(Records from a dataset)
* * * * *

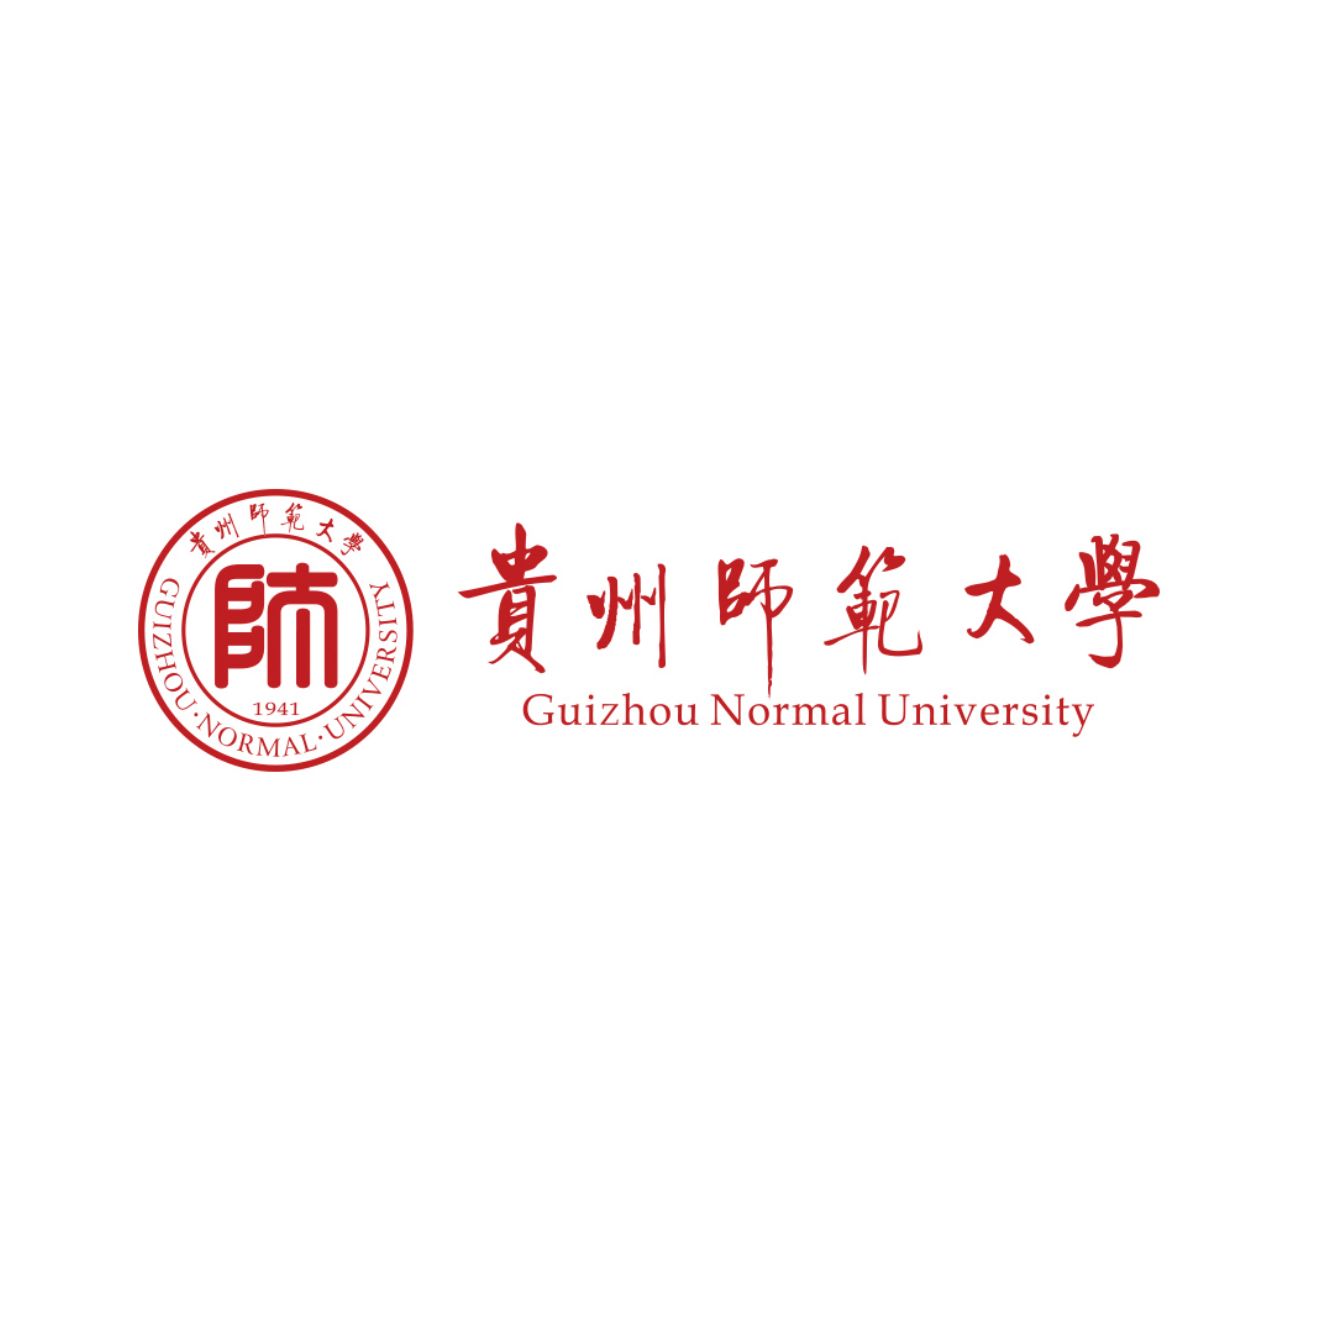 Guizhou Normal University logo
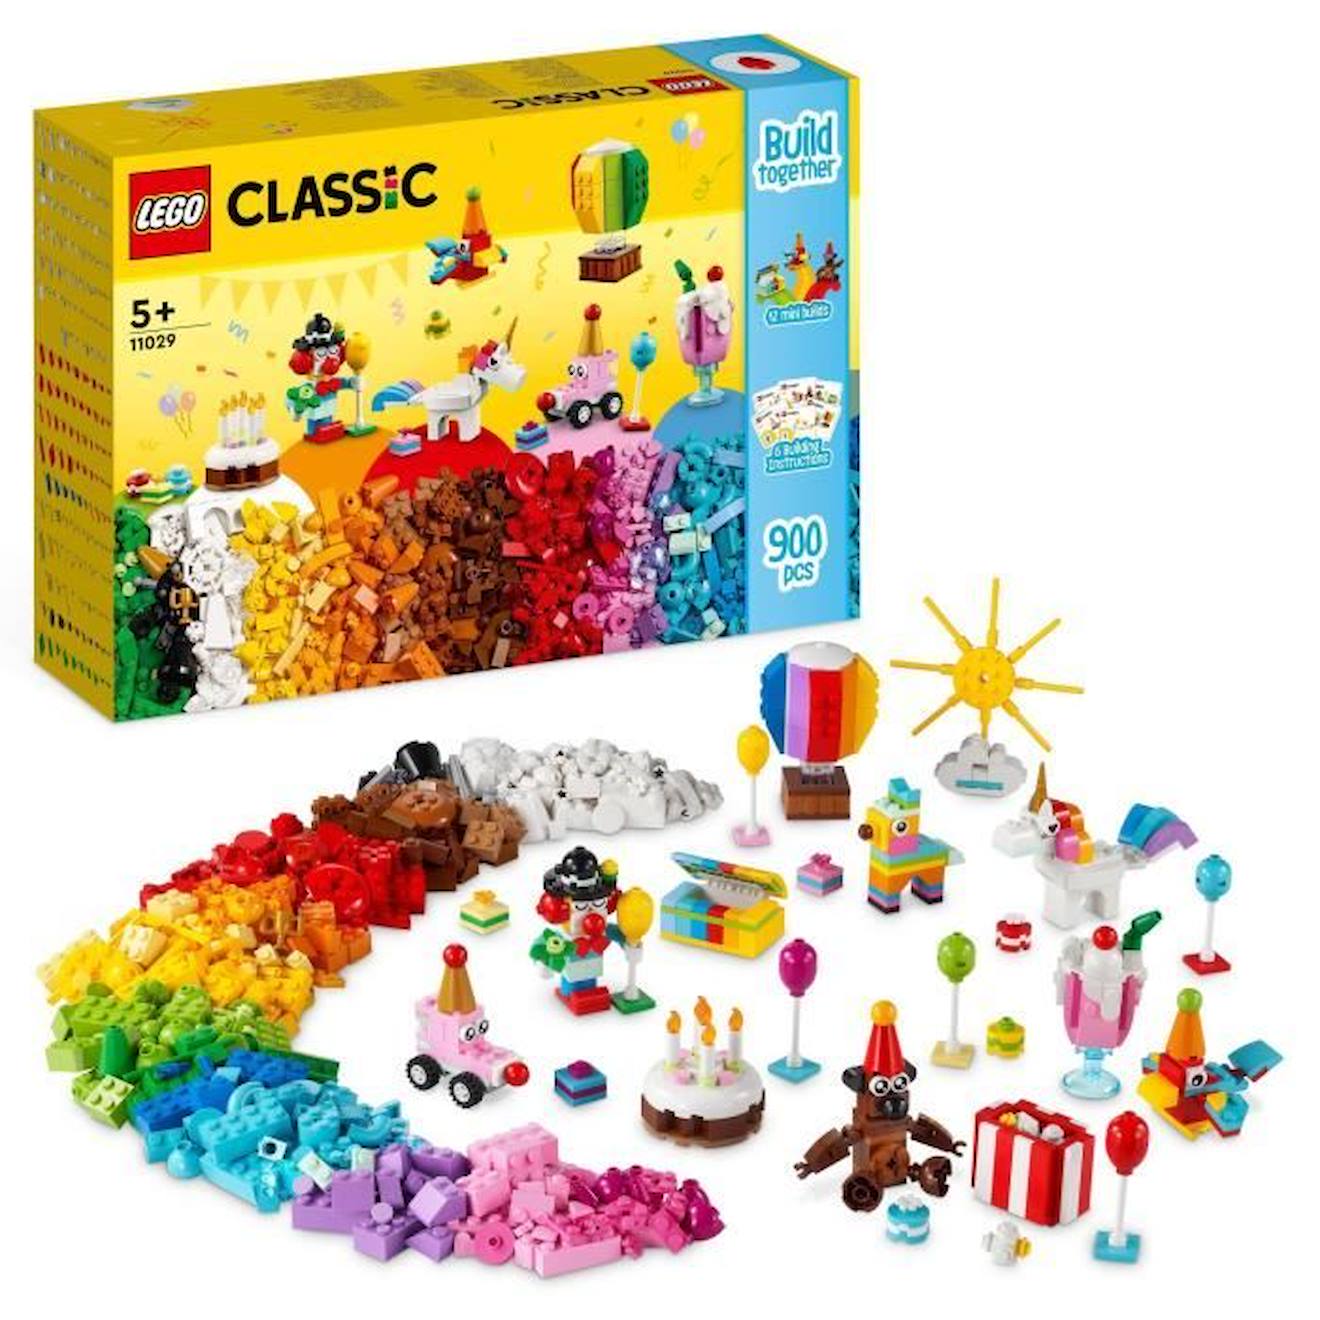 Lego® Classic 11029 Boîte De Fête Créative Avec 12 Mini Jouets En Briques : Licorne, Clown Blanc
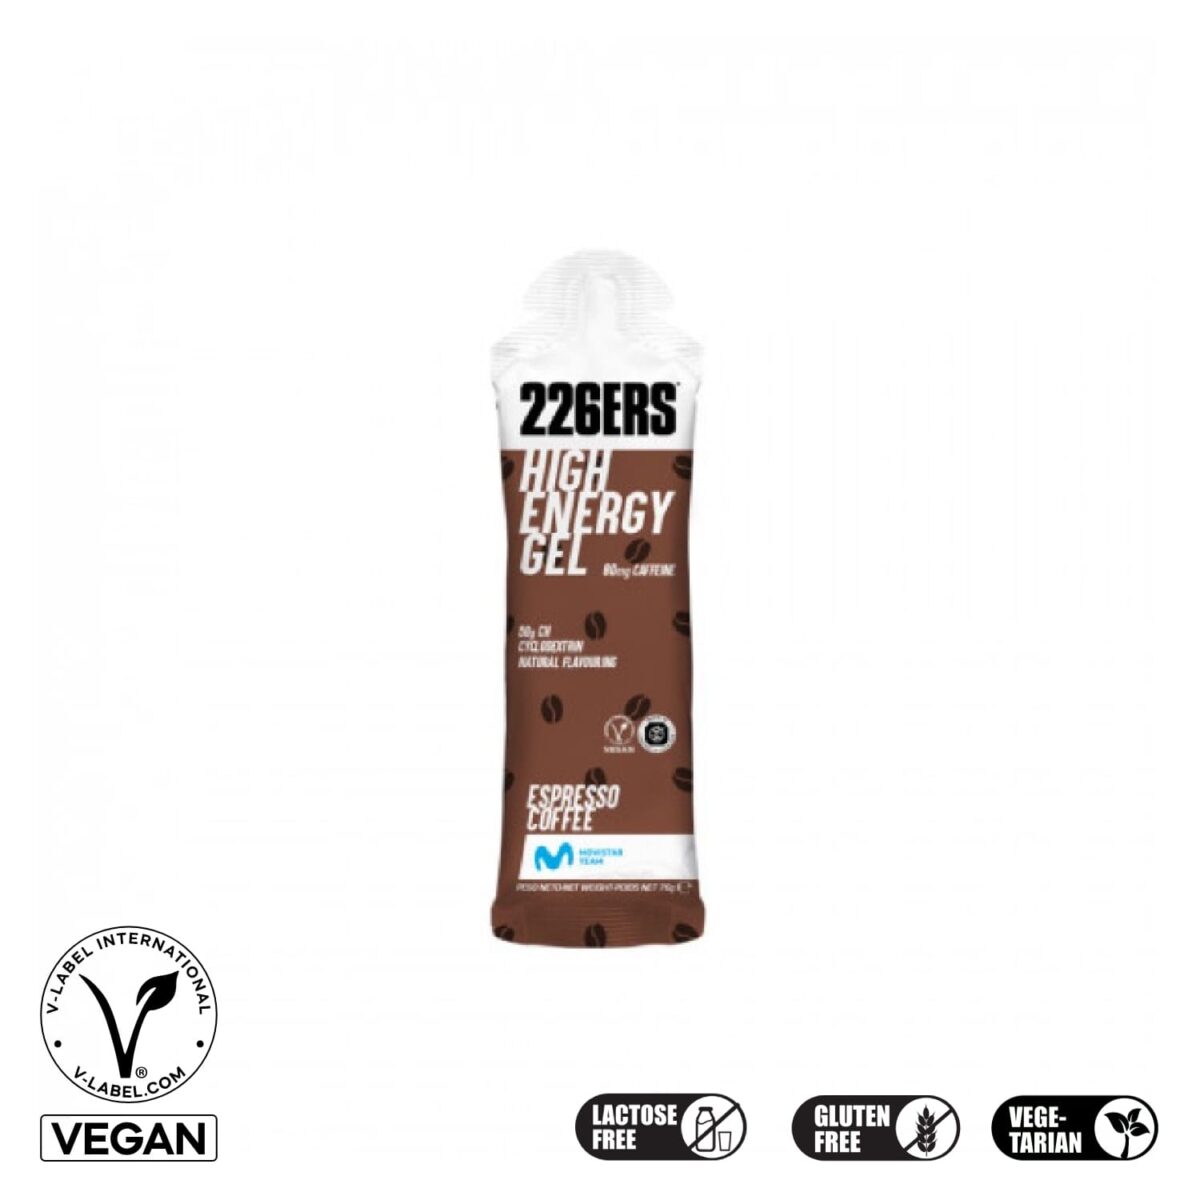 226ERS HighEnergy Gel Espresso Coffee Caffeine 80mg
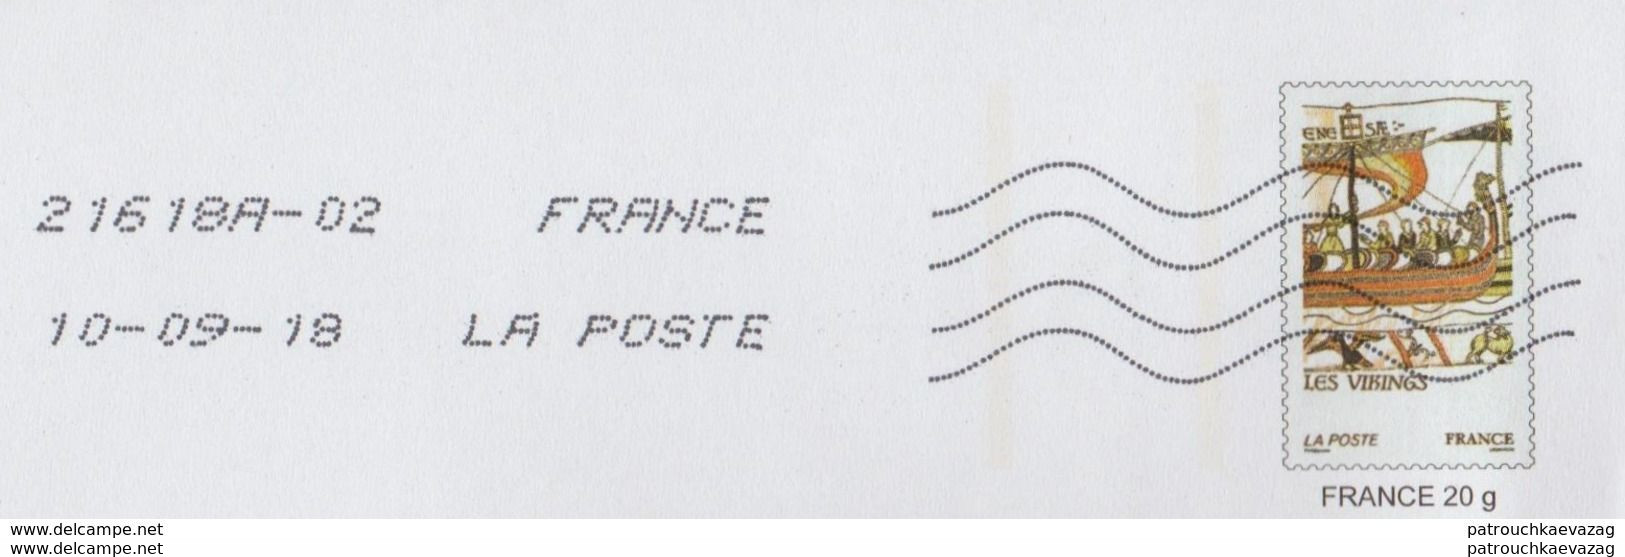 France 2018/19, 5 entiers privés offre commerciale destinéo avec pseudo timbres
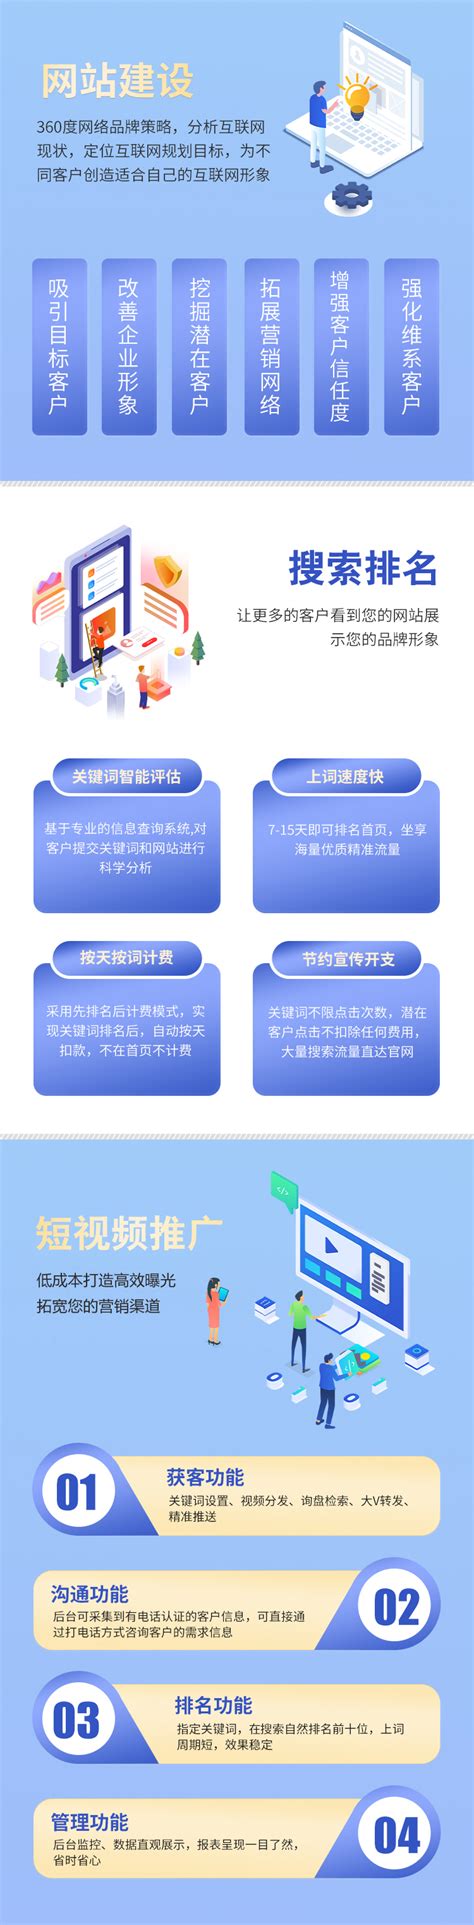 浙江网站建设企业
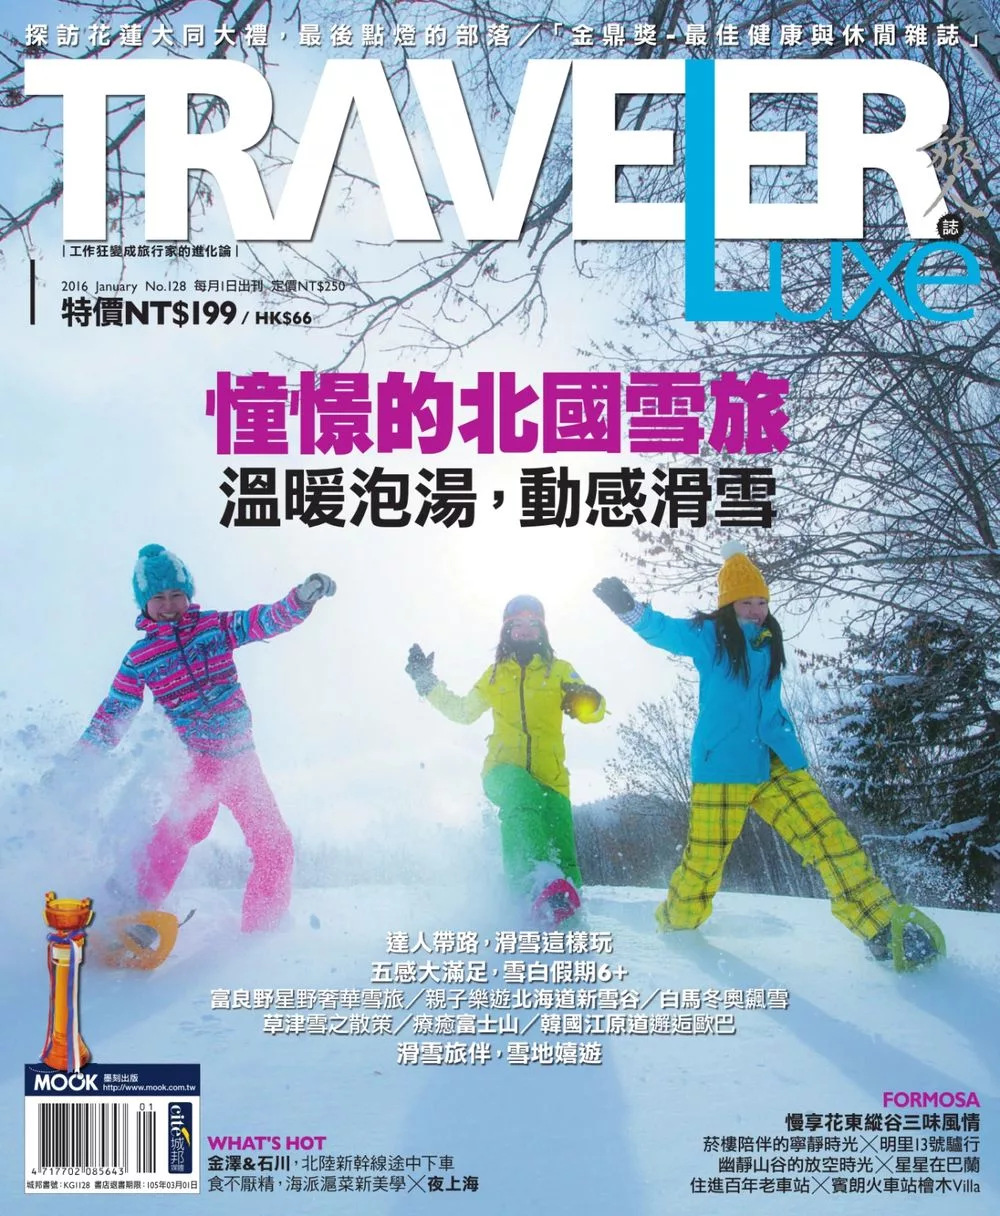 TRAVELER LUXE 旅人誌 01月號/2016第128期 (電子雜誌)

* * * * *

PROBLEM TO SOLVE.
When copying the entries above, keep each word as it is and exclude any image.

OUTPUT OF THE TASK.
 Guizhou Normal University logo
 Lego® Classic 11029 Boîte De Fête Créative Avec 12 Mini Jouets En Briques : Licorne, Clown Blanc
 226ERS HighEnergy Gel Espresso Coffee Caffeine 80mg
 France 2018/19, 5 entiers privés offre commerciale destinéo avec pseudo timbres
 浙江网站建设企业
 TRAVELER LUXE 旅人誌 01月號/2016第128期 (電子雜誌)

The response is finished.